Available Notifications and mitigation #
SetOps currently notifies about the following issues with your application:
App #
Replicas Not Scaled #
The App and the corresponding containers could not be started and scaled as configured with Scale in the last 10 minutes.
Mitigation: Most likely the containers cannot be started because of an error within the application itself. Check the logs to find the these kind of errors. If there are no errors in the logs, there can be two issues: failing health checks or not enough configured memory. First ensure that the health checks indeed work as configured and then try to increase the memory for your App.
Frequent Container Restarts #
Frequent container restarts (> 10) occurred in the last 15 minutes.
Mitigation: Most likely your App crashed due to some error. Have a look at the logs to look for possible errors. If there are no errors, the container might have been killed due to not enough memory (Out-of-memory or OOM). Increase the amount of configured memory and check if this alarm resolves.
Constant CPU usage higher than configured #
On average the app used more CPU units within the last hour than configured under Resources. This means that you might see inconsistent performance of your application since it can only use additional CPU when there is unused CPU available.
Mitigation: You might want to configure additional reserved CPU units to ensure there is always enough CPU available.
Memory usage critical #
The app (almost) used all of the available memory within the last 15 minutes. The App might get terminated if it requests more memory than available.
Mitigation: You might want to configure additional Memory.
Health Check Failed #
The health check for your App via the primary domain failed.
Mitigation: Check the App logs and optionally other Notifications for errors.
Domain #
Certificate expires soon #
SetOps wasn’t able to renew the HTTPS/TLS certificate of the given custom domain in time.
Mitigation: Check the DNS records of your custom domain and ensure that the values are set correctly. You can get required records with the Domain command
App certificate expires soon #
SetOps wasn’t able to renew the HTTPS/TLS certificate of the default app domain in time.
Mitigation: This should usually never happen. If it does, please contact the SetOps support.
HTTPS Load Balancer #
Many 5XX Http Error Codes #
Your App returned more than 10% HTTP 5xx errors within 1 minute.
Mitigation: Check the App logs for more information.
Scheduled Task (upcoming feature) #
Scheduled Task failed #
A scheduled task for your App has failed.

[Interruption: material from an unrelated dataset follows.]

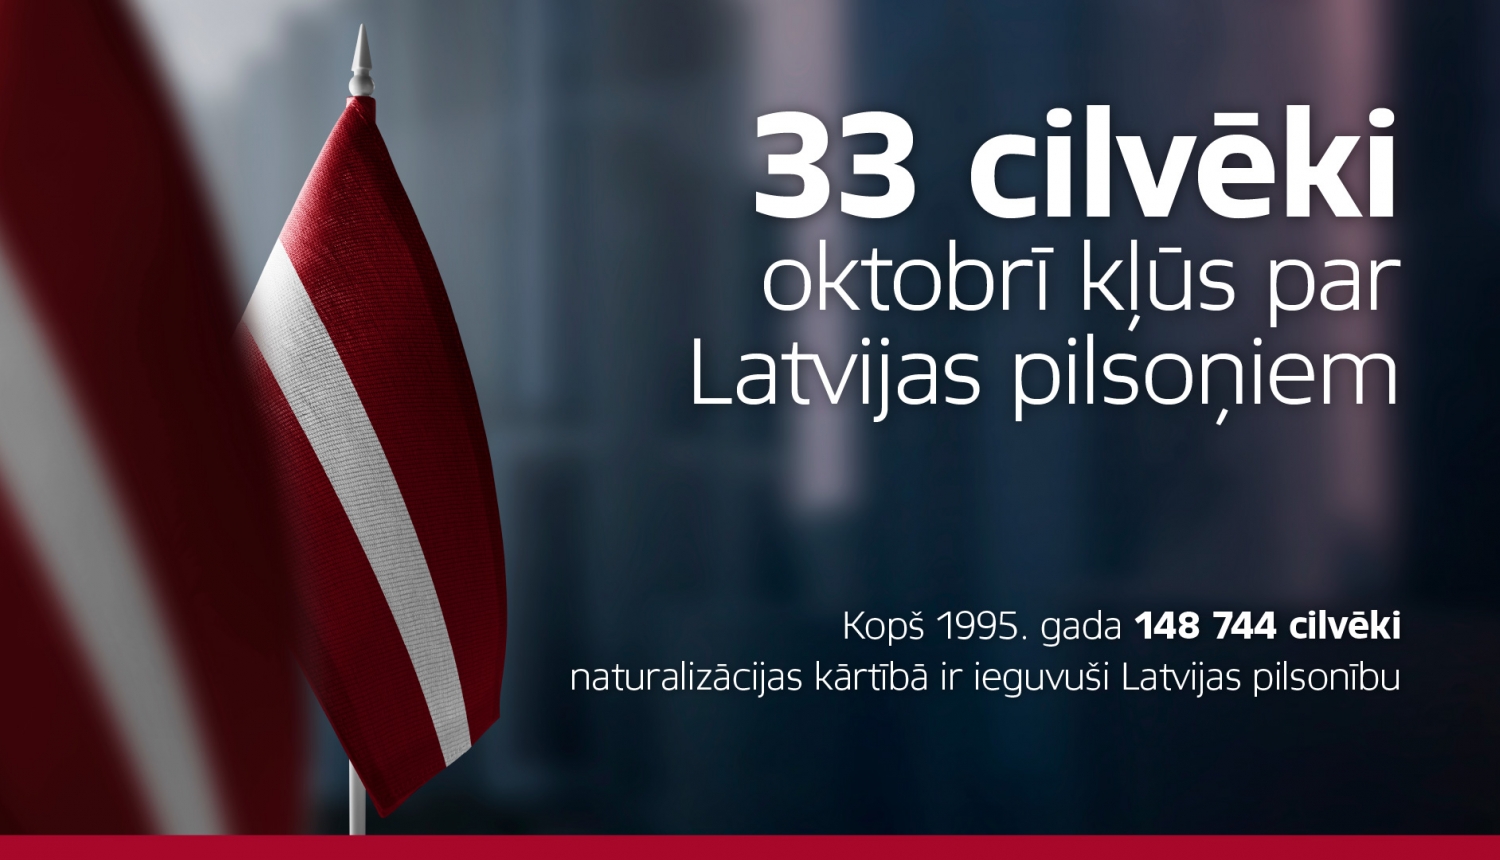 Latvijas karogs un informācija, ka 33 cilvēki oktobrī kļūs par Latvijas pilsoņiem
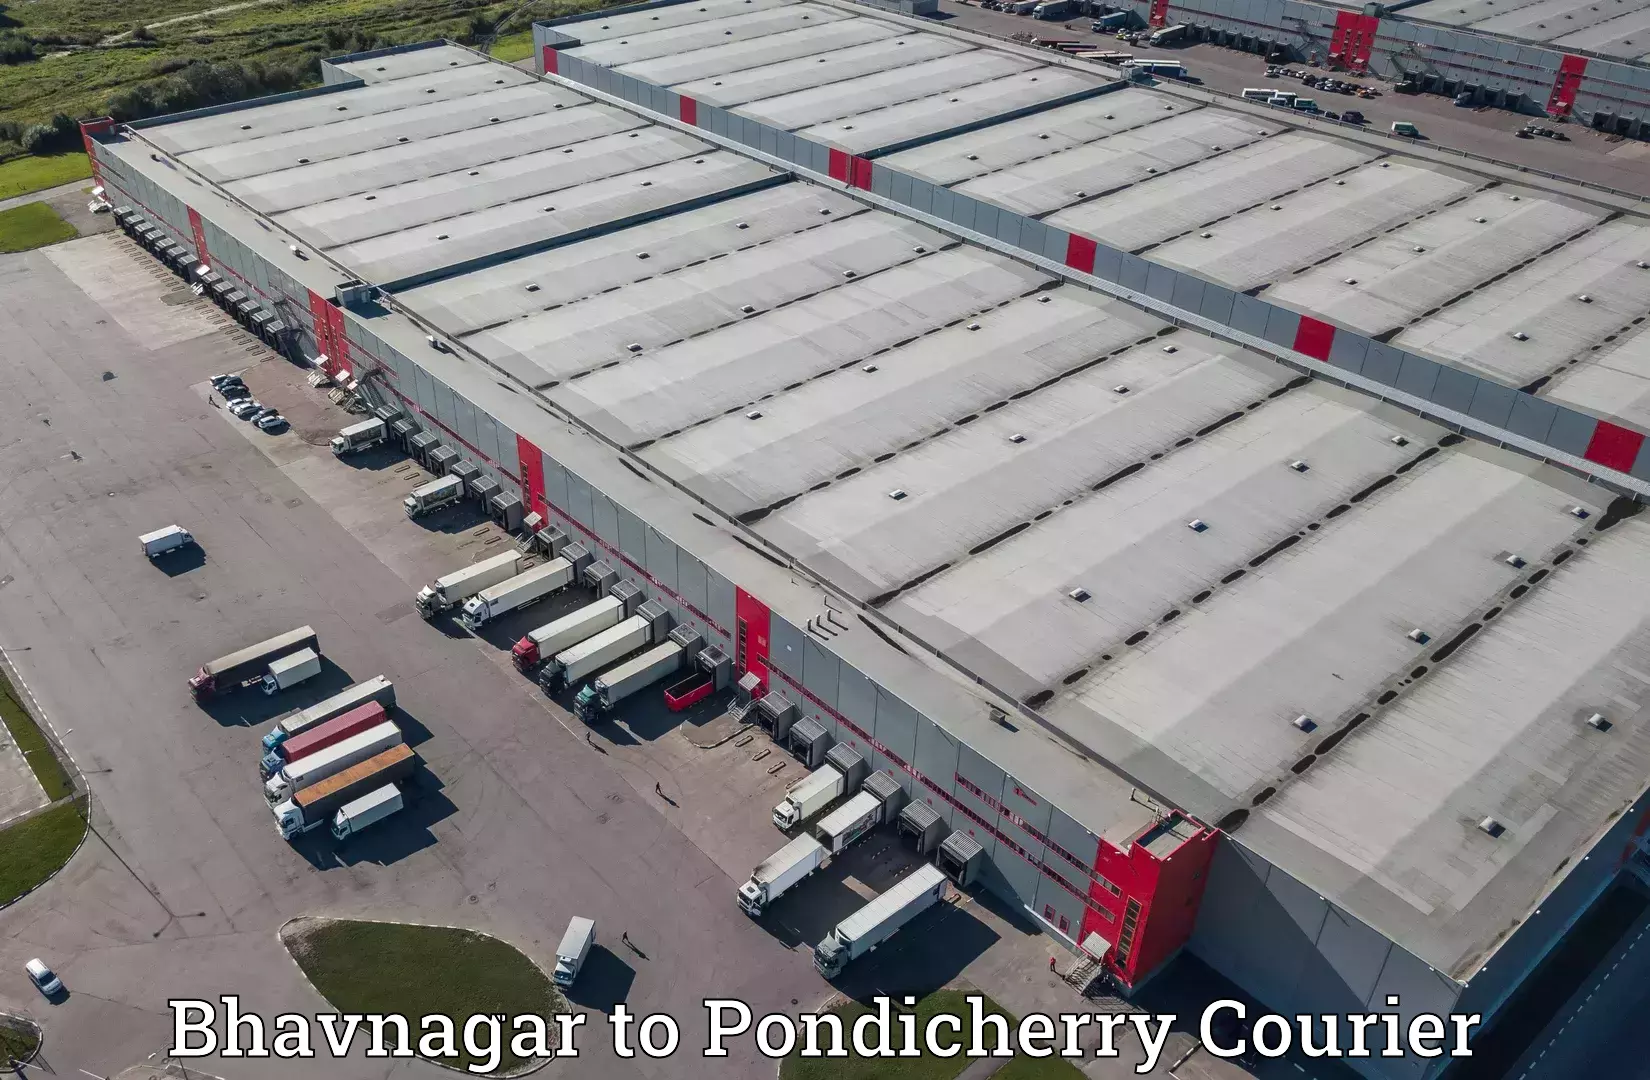 Cargo delivery service Bhavnagar to Pondicherry

Mitigation: Check the logs for more information.
Services #
DocumentDB: CPU Credit Balance Failing #
The CPU Credit Balance is below 30. This indicates a performance issue.
Mitigation: You can resolve the problem if you choose a bigger plan.
DocumentDB: LowMemThrottleMaxQueueDepth Failing #
The maximum queue depth for requests that are throttled due to low available memory in a one-minute period is greater than 5. This indicates a performance issue.
Mitigation: You can resolve the problem if you choose a bigger plan.
DocumentDB: LowMemNumOperationsThrottled Failing #
The number of requests that are throttled due to low available memory in a one-minute period is greater than 5. This indicates a performance issue.
Mitigation: You can resolve the problem if you choose a bigger plan.
PostgreSQL: CPU Failing #
CPU Utilization is at or above 90%.
Mitigation: You can resolve the problem if you choose a bigger plan or optimize queries.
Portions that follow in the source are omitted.